Finding an investor will be incredibly difficult, but Weymouth already knew that. Besides, he doesn't want just any investor to throw money at this project. He wants someone who cares about Mississippi.

"The investor who is in the state is doing it for the people here," Weymouth says. "If I get somebody from out of state, they're not going to feel the same as I am about the local people here."

Vellum Wars should be ready to brawl in about six months, Weymouth says.

Weymouth wants to build a hub for future video game developers, filmmakers, musicians and artists to flourish. He wants young people to be proud of their home state, and, in turn, he wants Mississippi to be proud of its creative pioneers. Weymouth wants to show his neighbors, family and friends that there's a bright future in Mississippi's gaming and art scene, if only it's allowed to take root.

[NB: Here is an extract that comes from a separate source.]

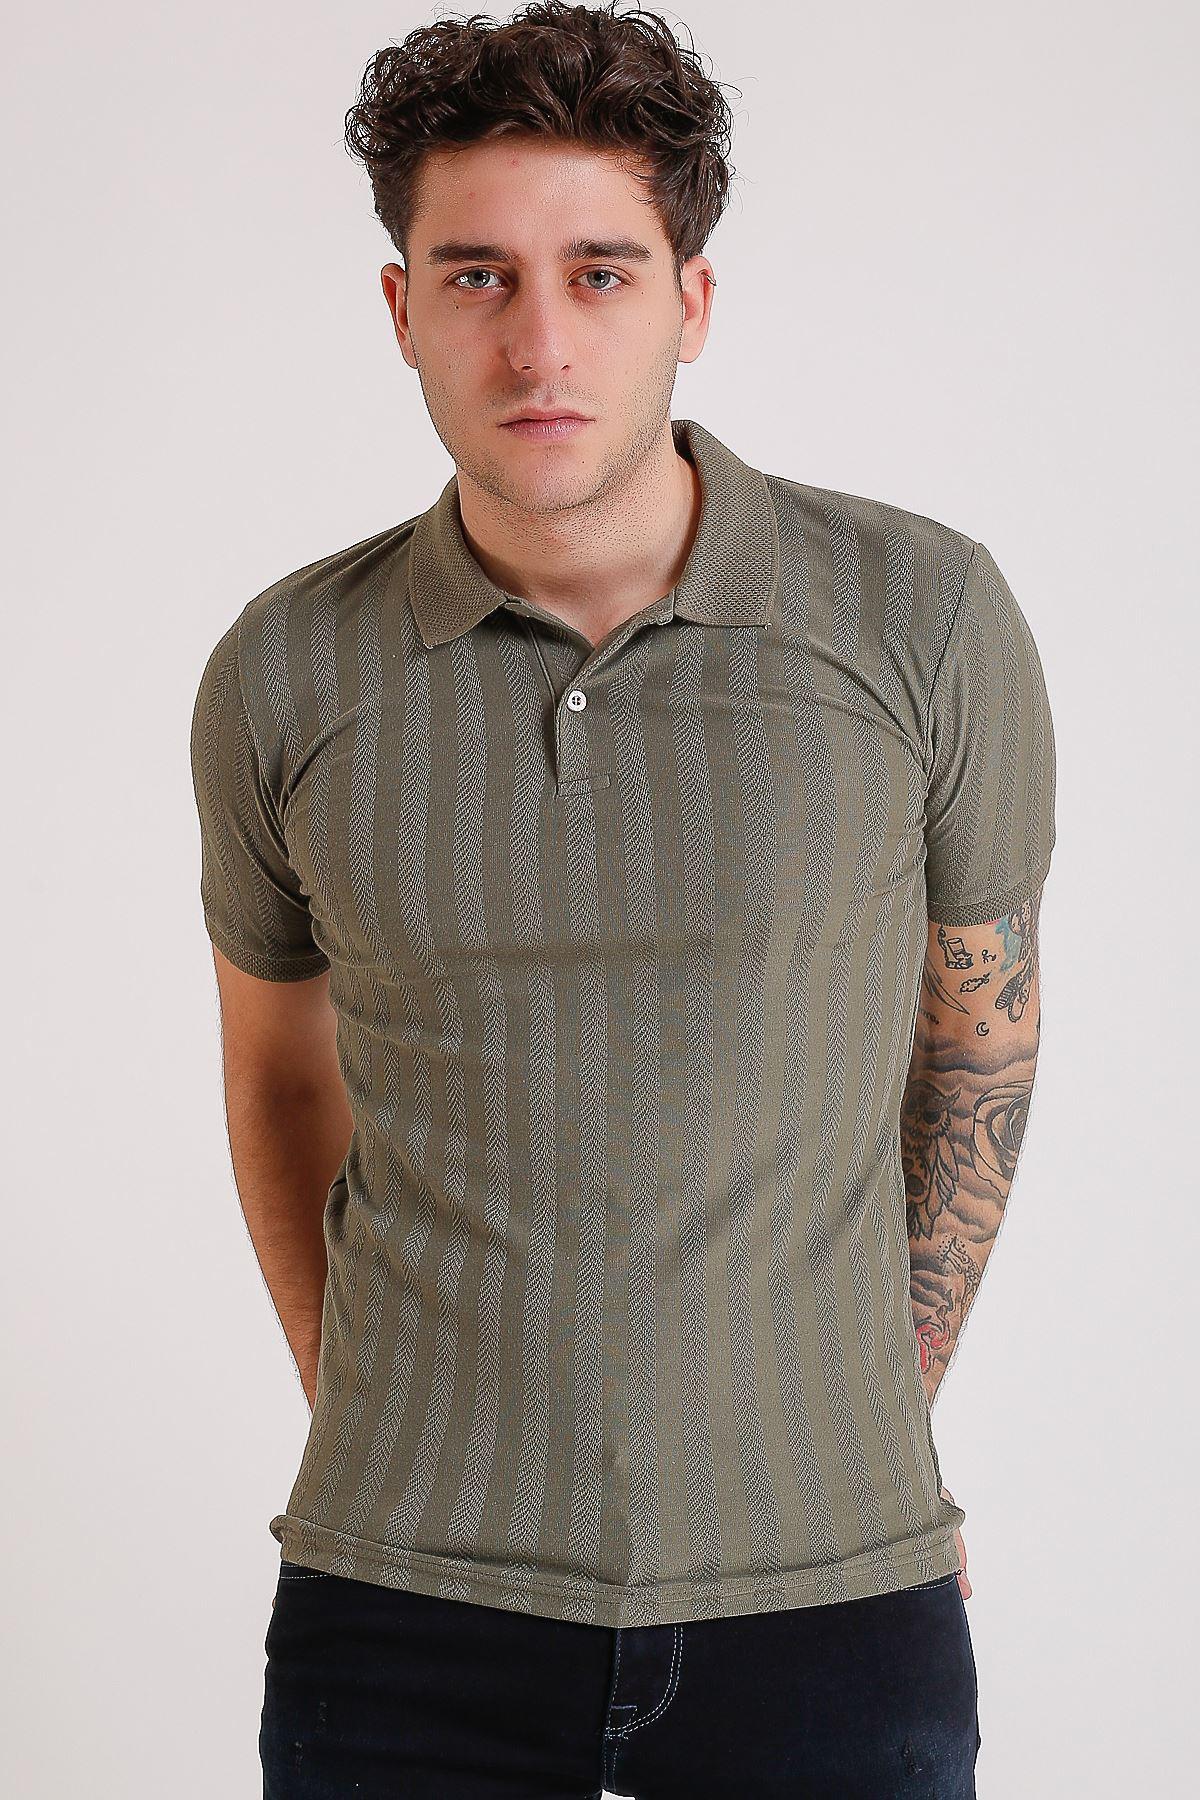 Erkek Polo yaka Örme Haki T-Shirt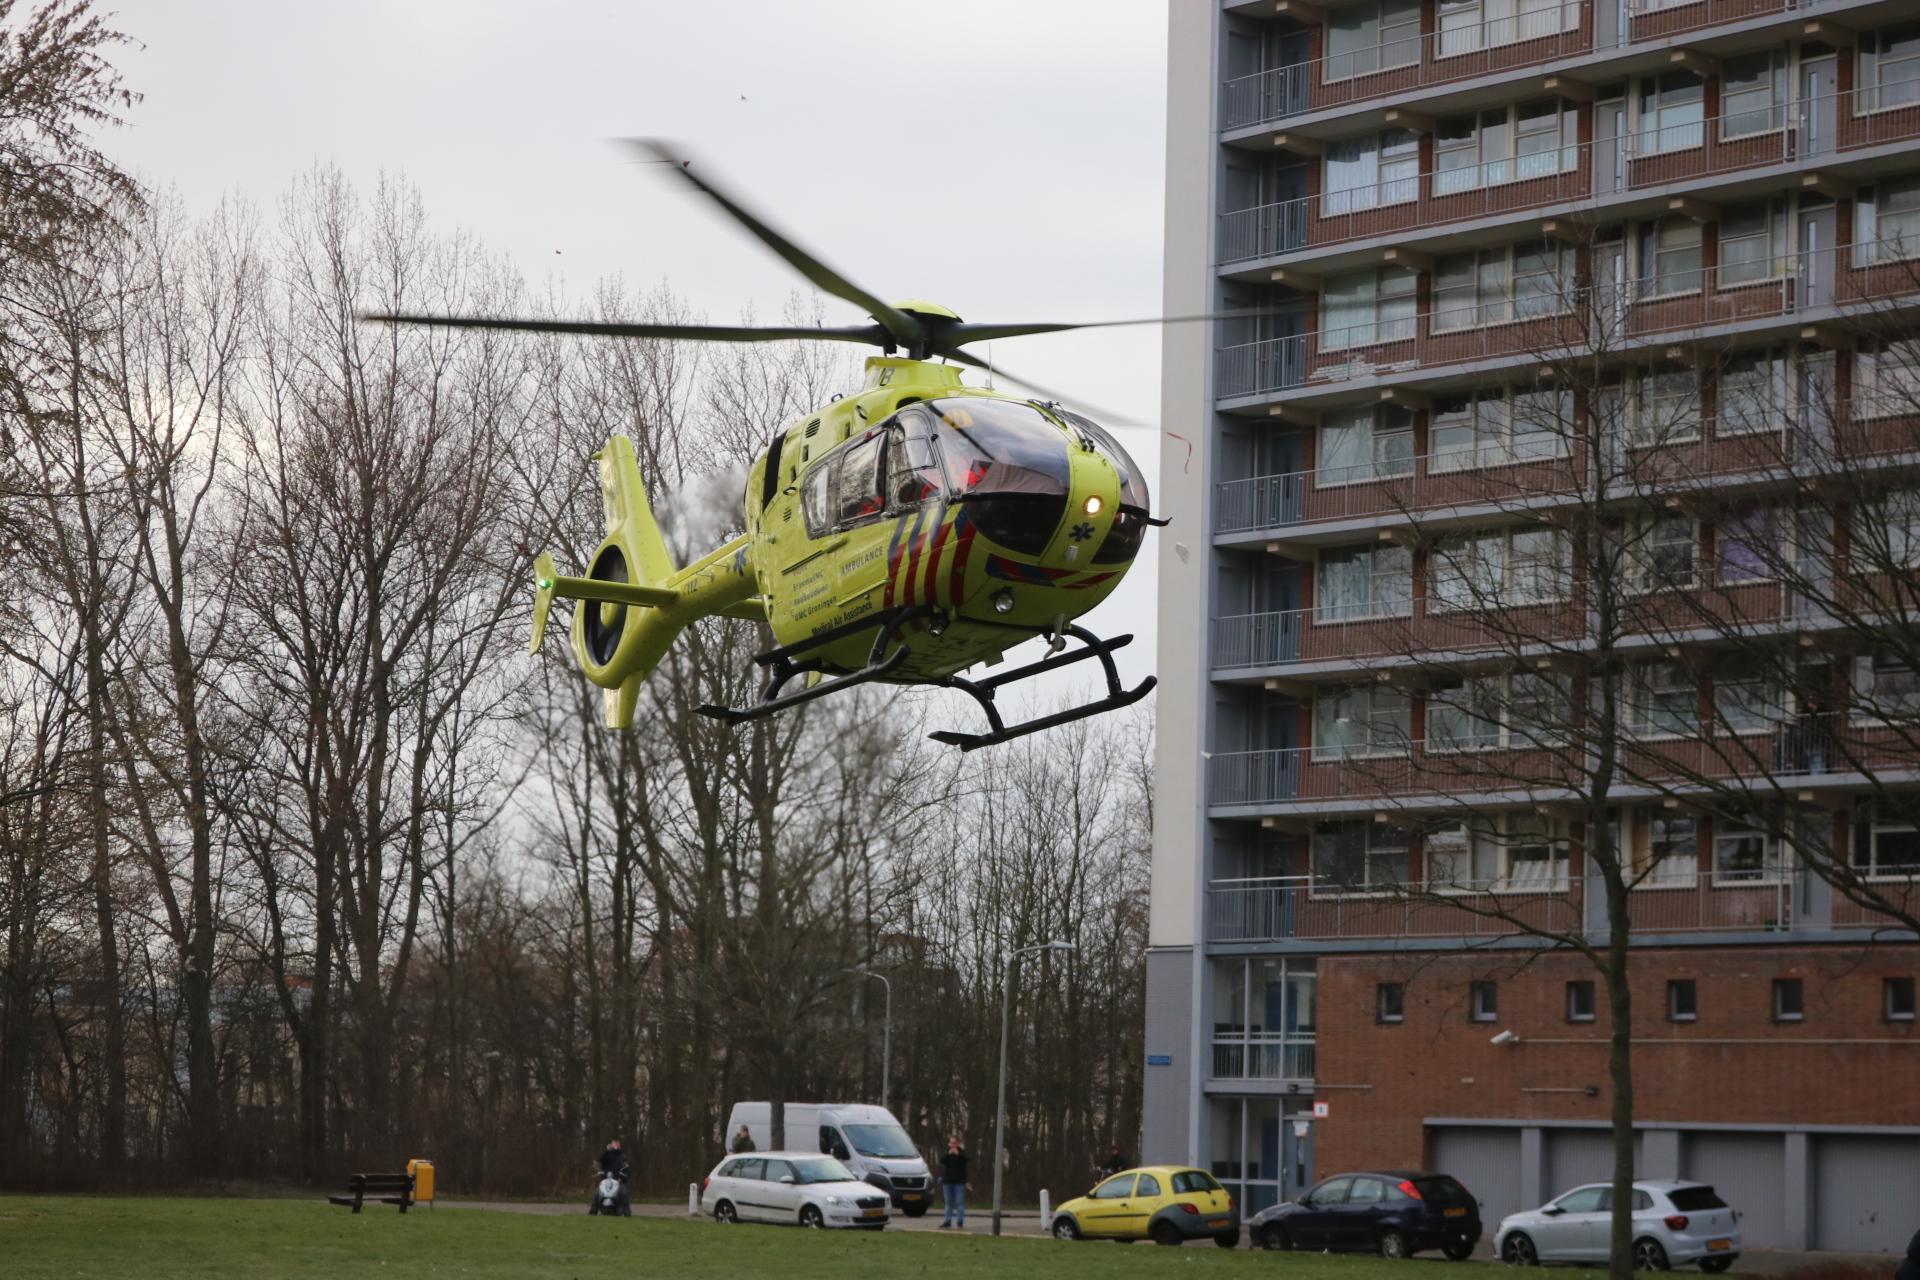 Jong slachtoffer ligt zwaargewond op straat in Katwijk; politie doet onderzoek

"You deserve a future," he says, speaking to the hypothetical artist at his incubator's door. "You have talents and skills that you've acquired through hard work. You deserve a future. You're not lazy. You just have struggles -- and we all have struggles. It would be cool to just be able to remove the wall and allow creative prowess to get some exposure and a future."

Weymouth's dreams are immense, potentially naive, and maybe impossible to achieve. But he's been dreaming big all of his life. Why stop now?

"I'm not in this to make money," he says. "If I wanted to make money, I'd go get a nine-to-five where the money is guaranteed. I'm in this for a future where I'm not a cog in a machine. I'm doing something to help people."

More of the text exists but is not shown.